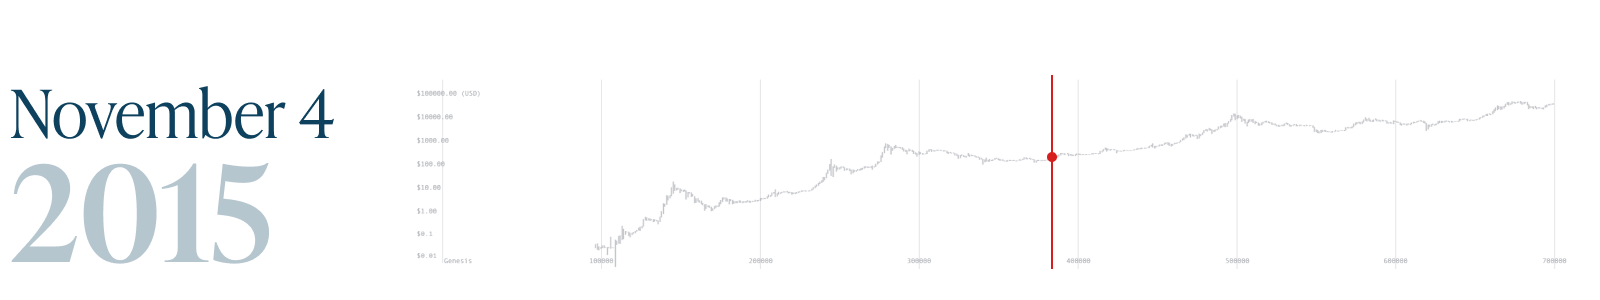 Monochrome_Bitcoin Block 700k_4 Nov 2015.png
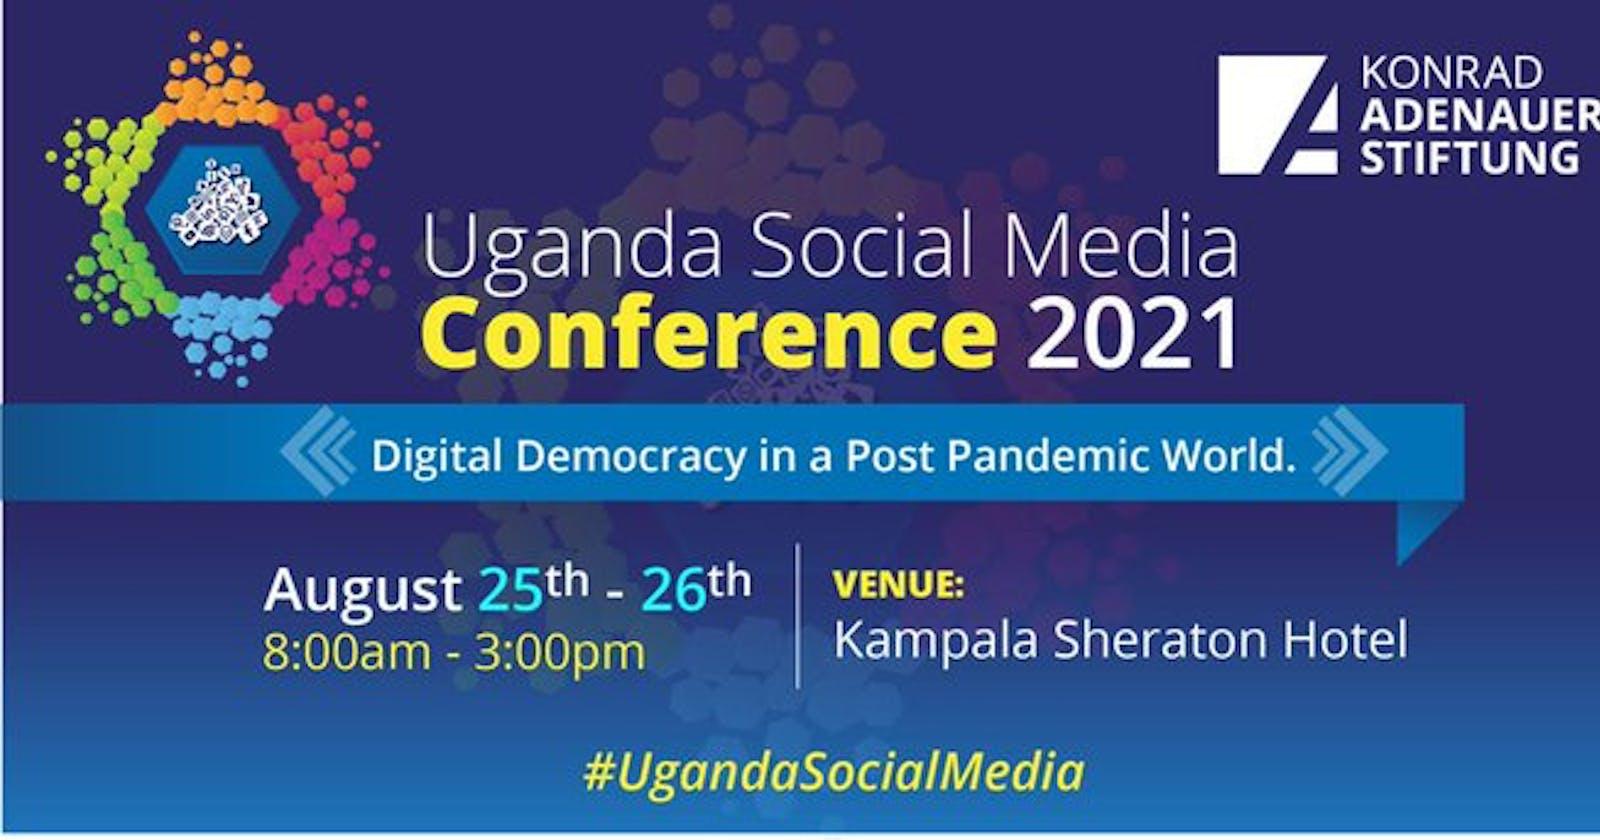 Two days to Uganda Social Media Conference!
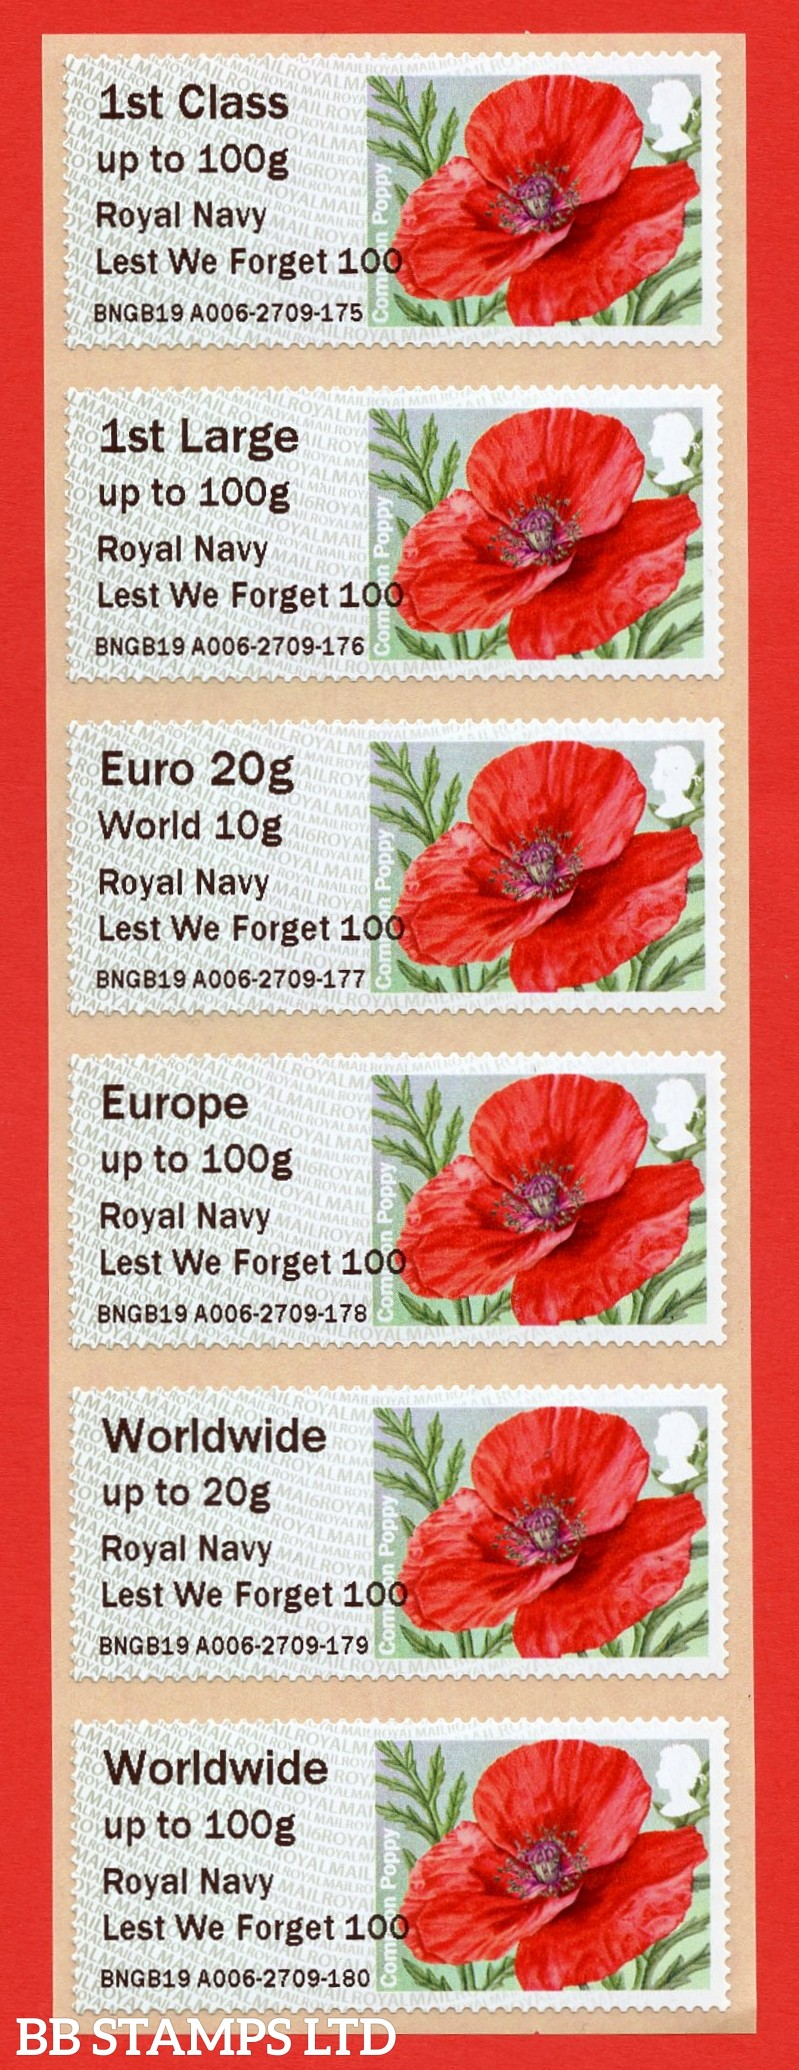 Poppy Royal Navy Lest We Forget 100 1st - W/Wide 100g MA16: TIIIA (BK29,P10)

*Exercise brief*. Output nothing but the lines from the one containing "Two days to Uganda Social Media Conference!" to the end of the listing, both ends included, reproduced exactly. Pictures stay out.

*Task response*.
 Two days to Uganda Social Media Conference!
 Poppy Royal Navy Lest We Forget 100 1st - W/Wide 100g MA16: TIIIA (BK29,P10)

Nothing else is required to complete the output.